Without its pictures, the listing below is to be transcribed exactly.

-------- Input data

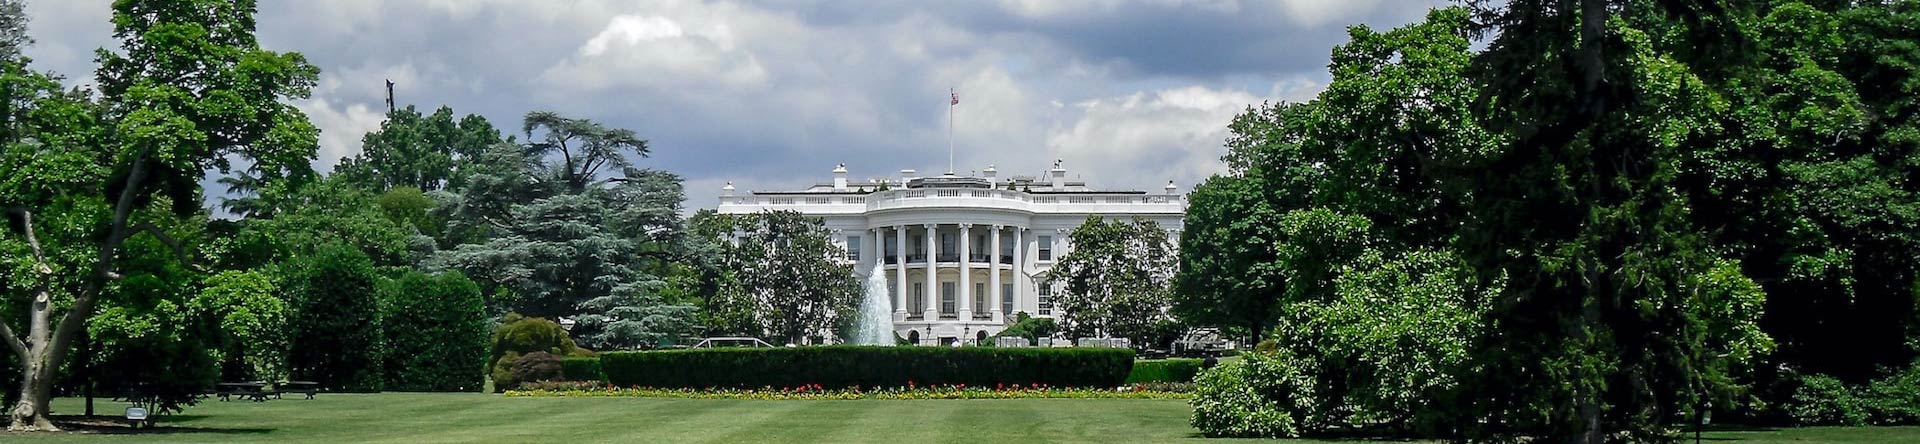 Das Weiße Haus Washington D.C.
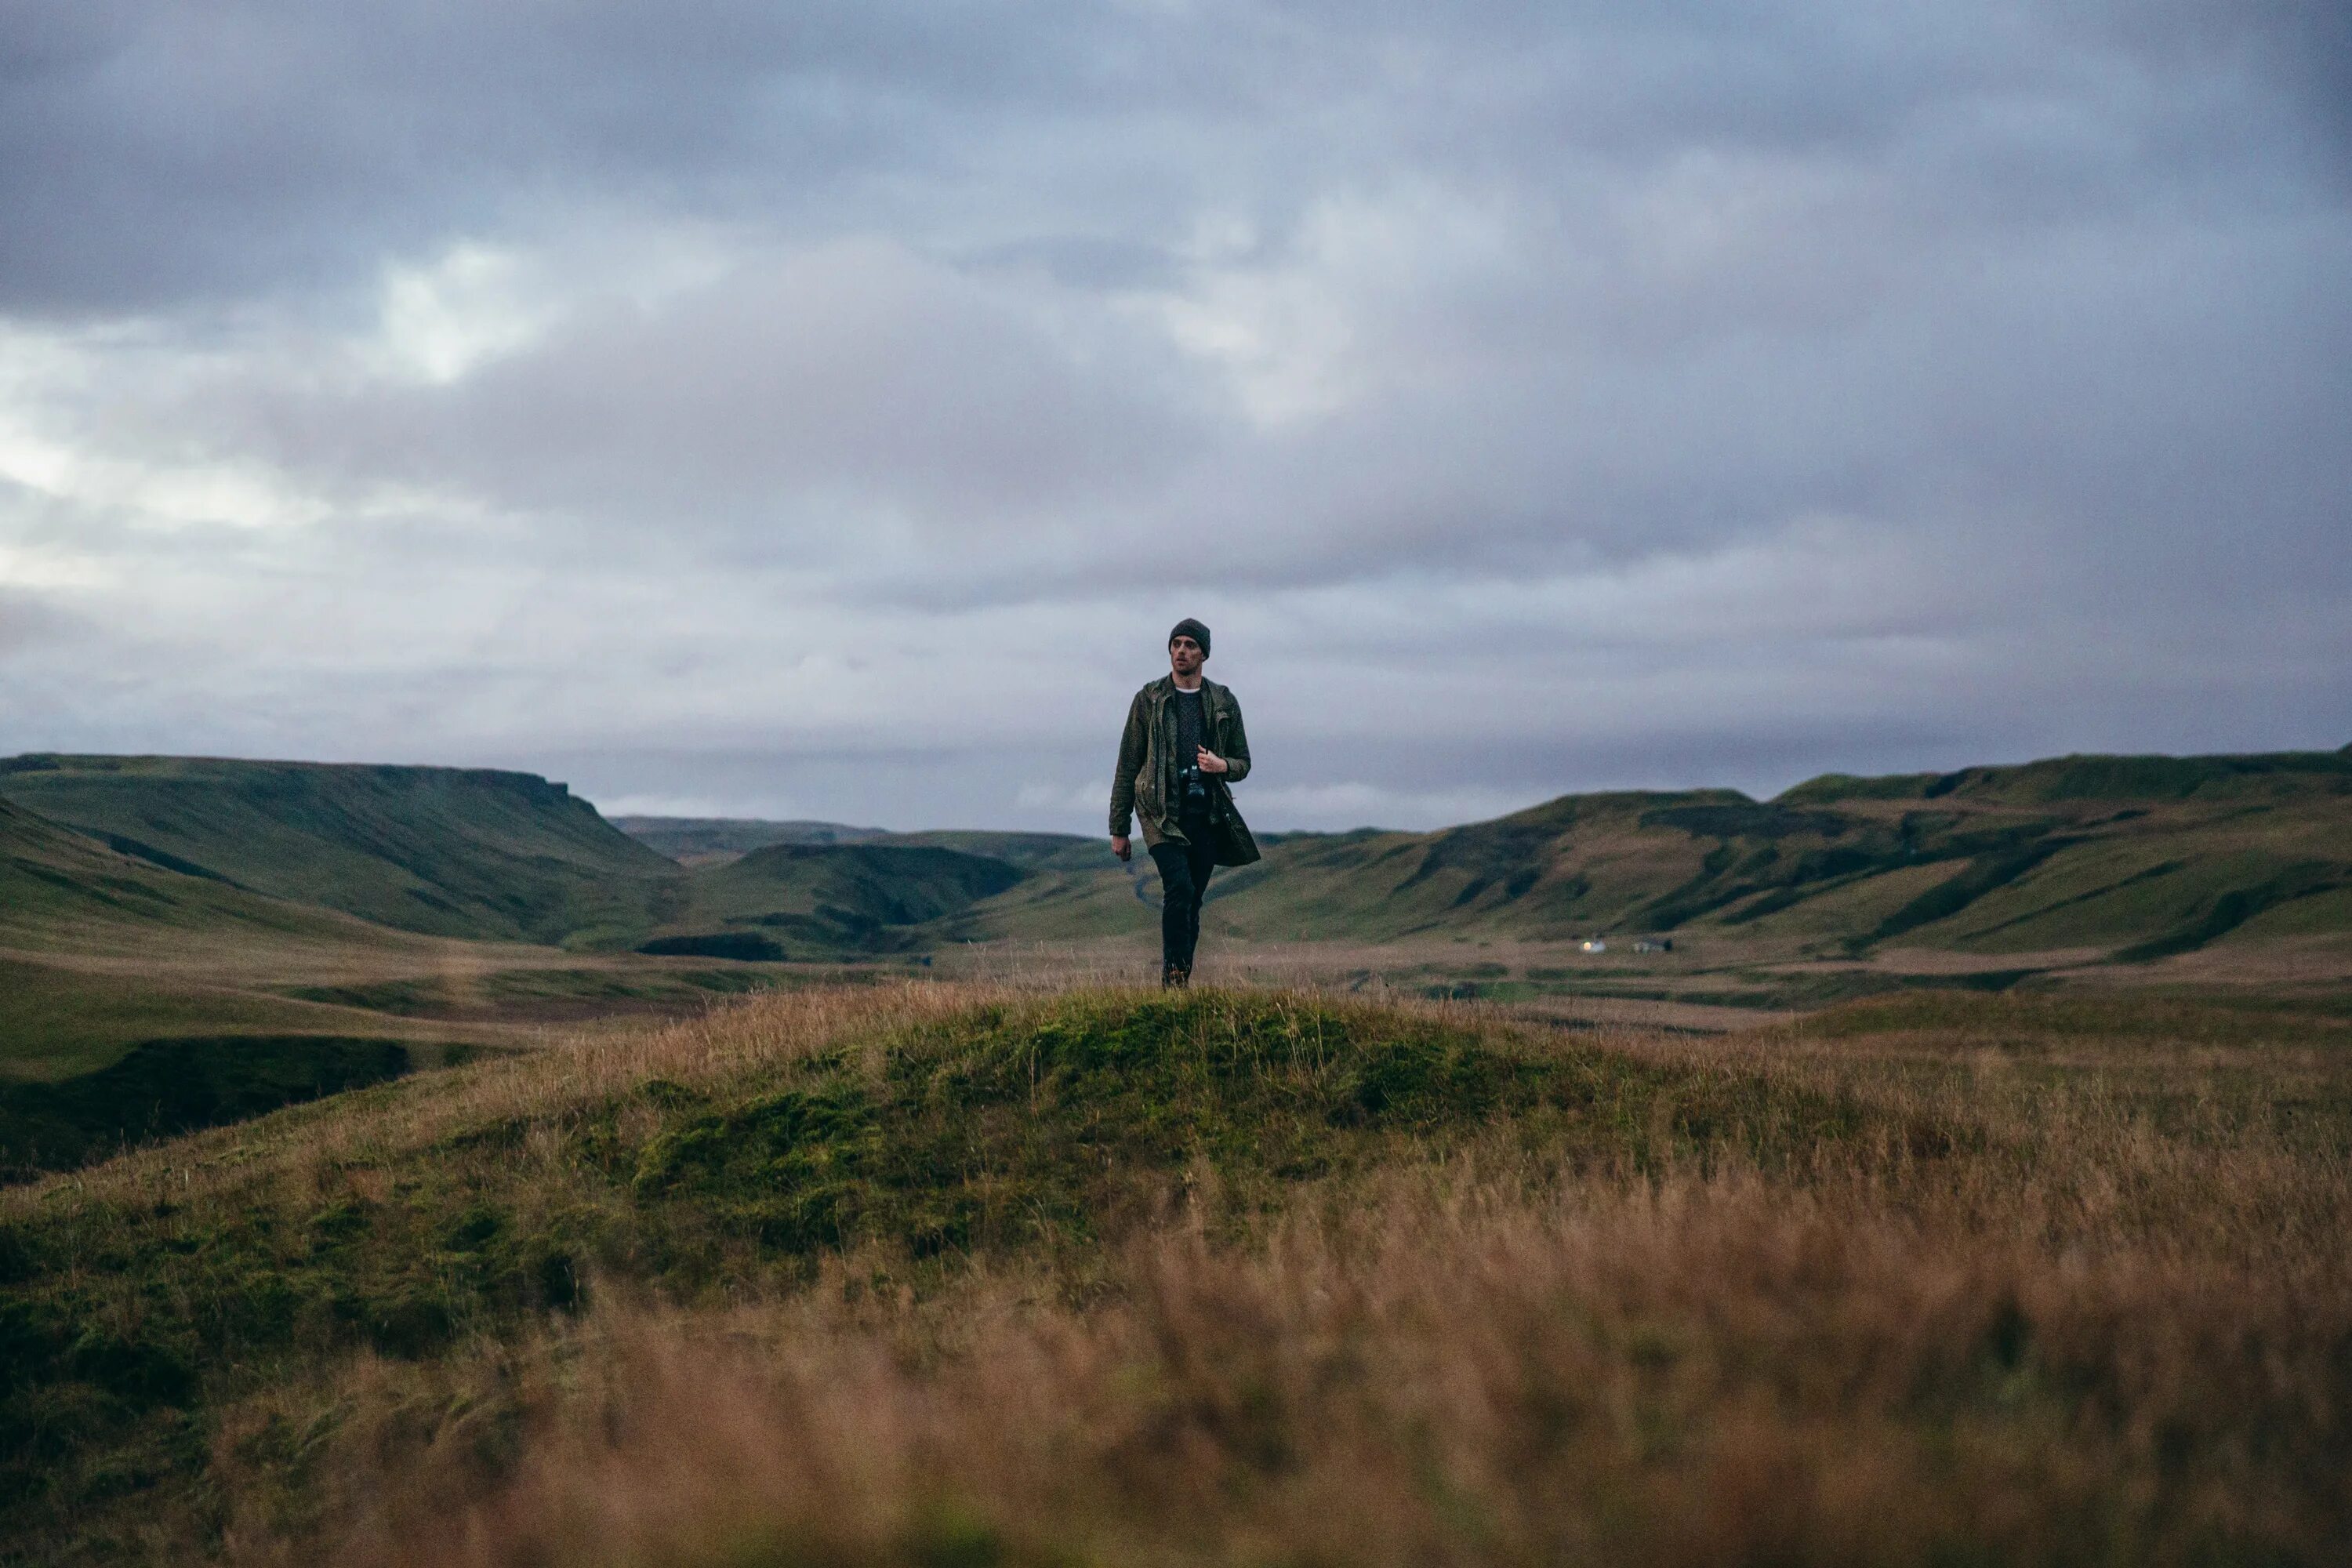 Великие холмы. Поле с скалистыми холмами. Исландия поля. Фото мужчина в степи делает фото.
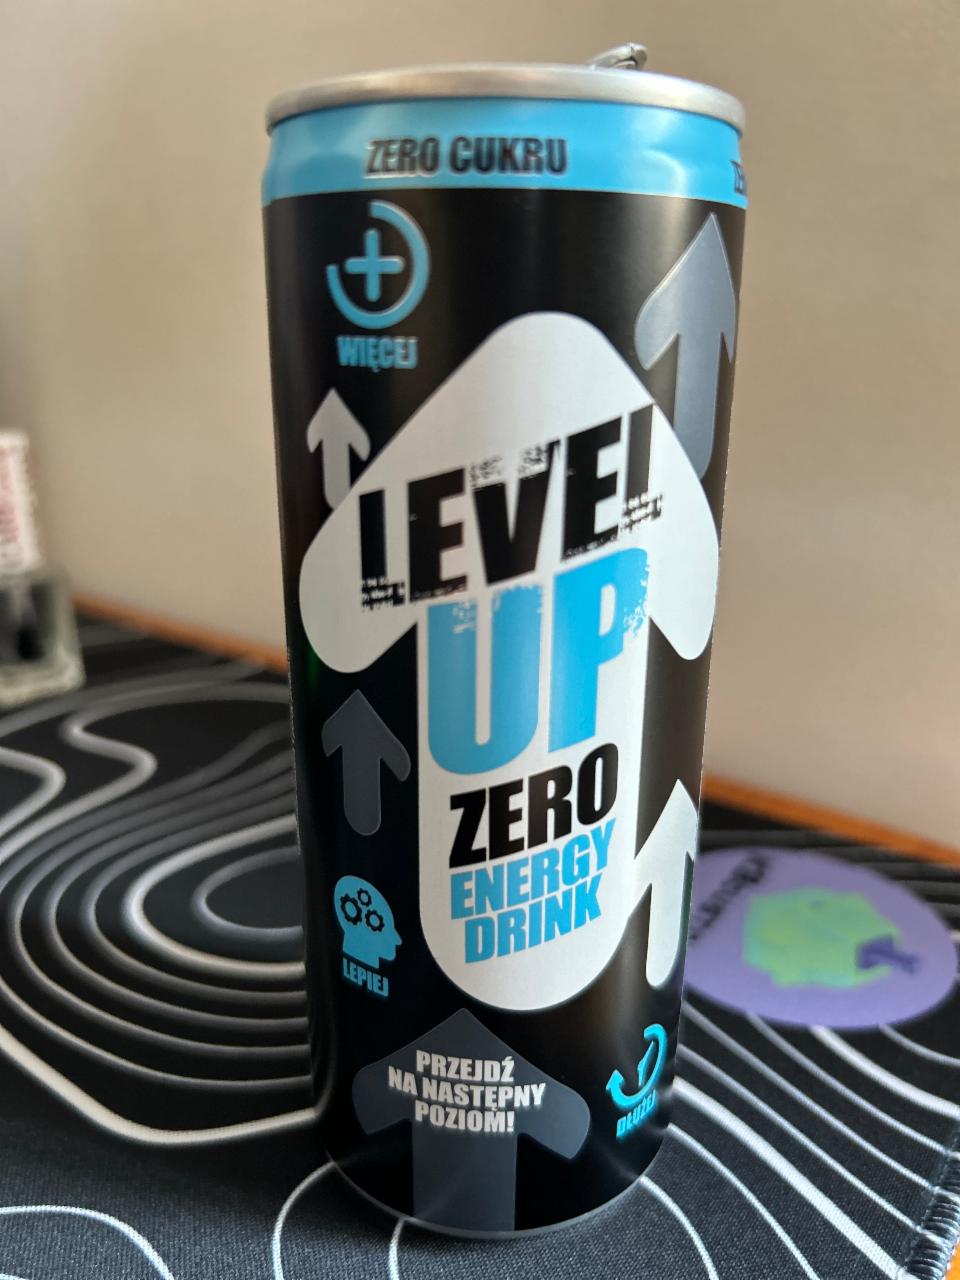 Zdjęcia - Level up zero energy drink
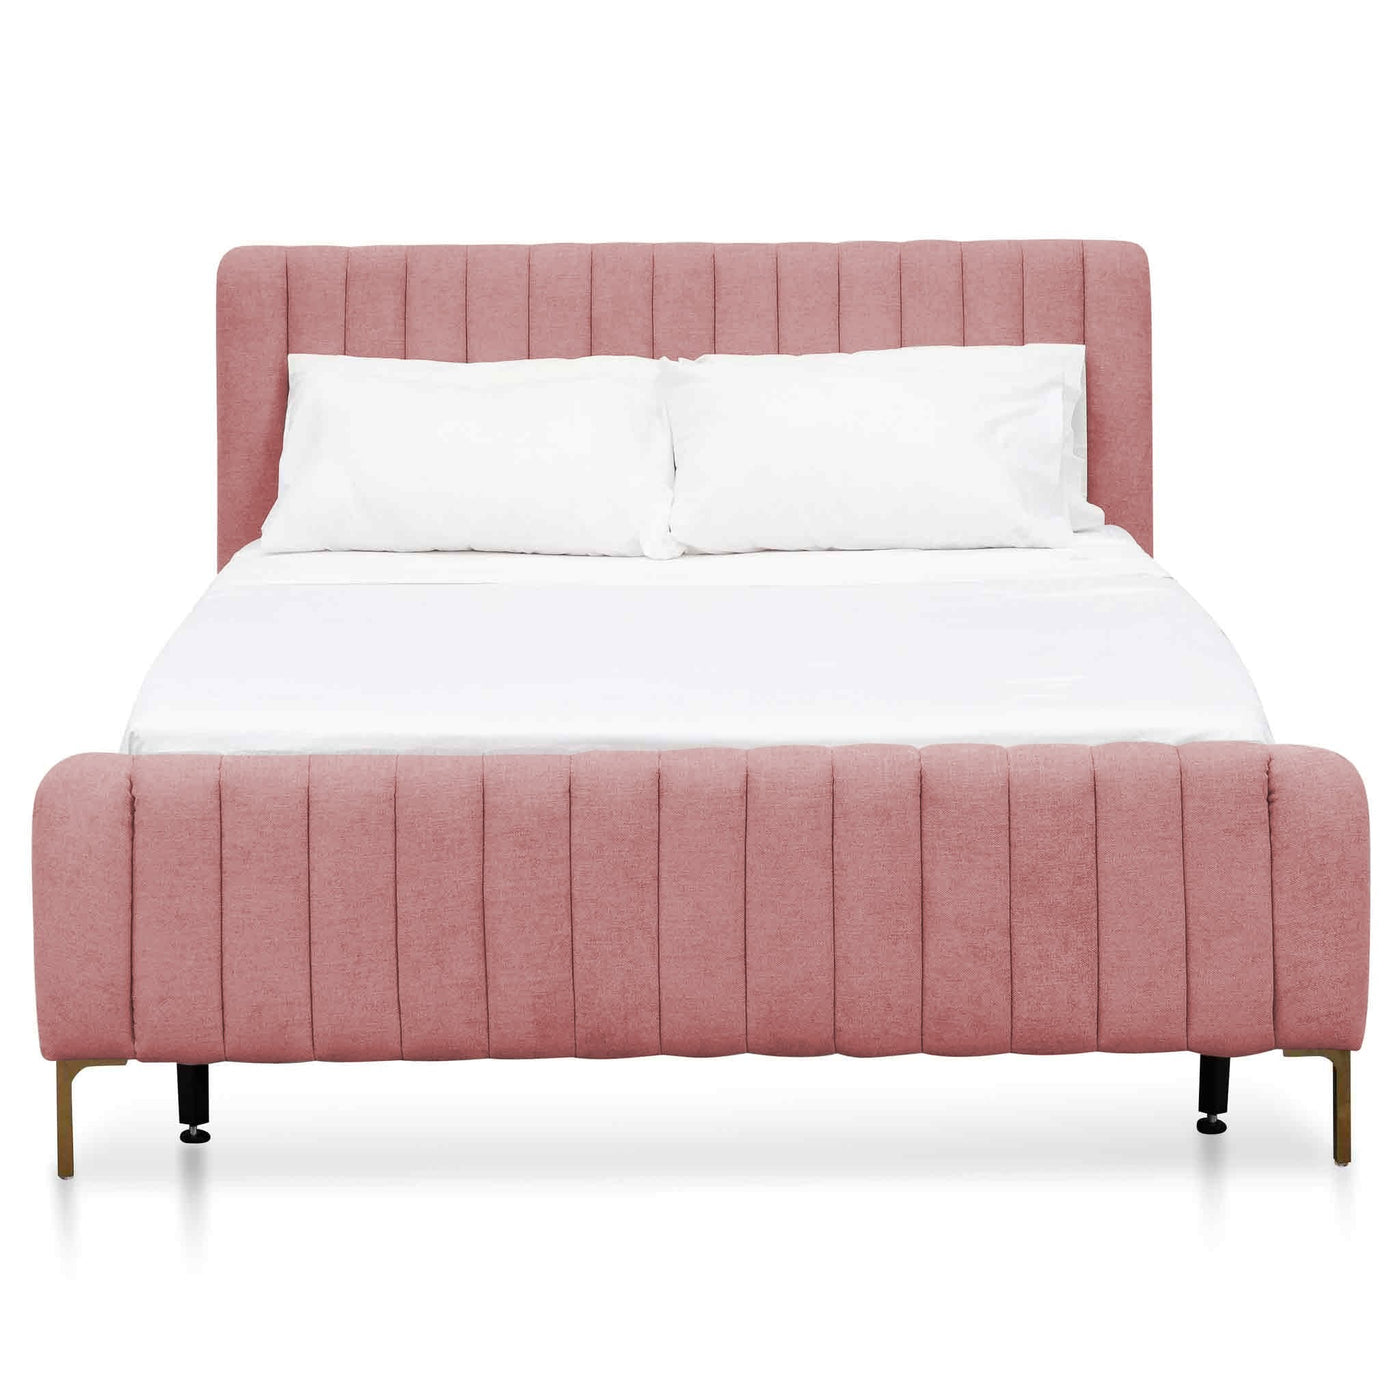 Queen Sized Bed Frame - Blush Peach Velvet

----------------

## Solution to this problem
 Das Weiße Haus Washington D.C.
 Великие холмы. Поле с скалистыми холмами. Исландия поля. Фото мужчина в степи делает фото.
 Zdjęcia - Level up zero energy drink
 Queen Sized Bed Frame - Blush Peach Velvet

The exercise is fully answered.